There are certain variables that likely affect one’s decision to concede or conceal. If, as I have seen before, the person (in this case a thankfully gregarious young woman) is one of two or three students practice a pose (headstand) while the rest of the class watches, acknowledgment must be paid. There is no averting the situation, and as such, one must either apologize for the interruption or laugh (which includes letting others giggle their “thank-God-that-wasn’t- me” giggles).
However the “conceding situation” plays out, the passer must decide how to move on. Moving on can be done gracefully or awkwardly, which I imagine hinging upon the amount of time one’s face remains red and the number of after-the-fact outbursts of laughter they permit themselves. And, of course, the stink—which unfortunately is beyond our control. Regarding scent, there’s little to do but pray (which, considering you are affecting karma by being on your mat, may actually help).

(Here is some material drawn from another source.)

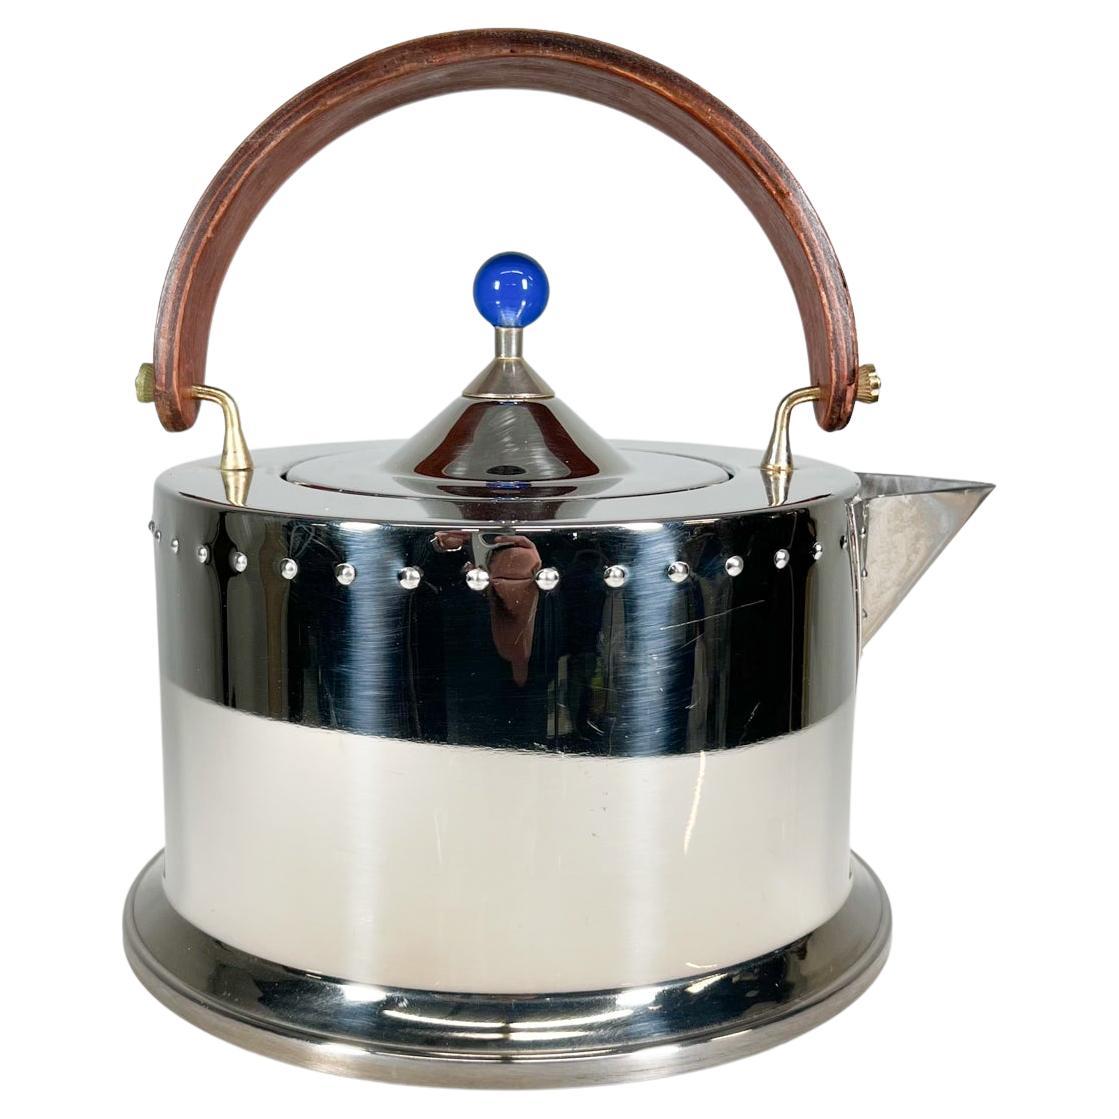 https://a.1stdibscdn.com/1980s-ottoni-stainless-tea-kettle-by-carsten-jorgensen-for-bodum-italy-for-sale/f_9715/f_324763021674957441045/f_32476302_1674957441328_bg_processed.jpg

On the other hand, if the transgression takes place during a silent or un-led practice, I would just keep on keeping on. There’s no need to plant a second interruption. If you cannot help giggling, do so swiftly and resume your practice so that others may do the same. In this scenario, however, I highly suggest concealment.
The whole yoga-fart dilemma certainly summons one, if not several, moral tenets of the tradition. This is a perfect (and relatively safe) time to practice humility. Let go of your ego—at least enough to join the giggle or move through the situation with grace. Again, it happens to all of us and, if relaxed enough in your own skin and sense of self, should actually probably occur more than it does.
After all, and for good reason, “let go” is a more common mantra than “hold it in.”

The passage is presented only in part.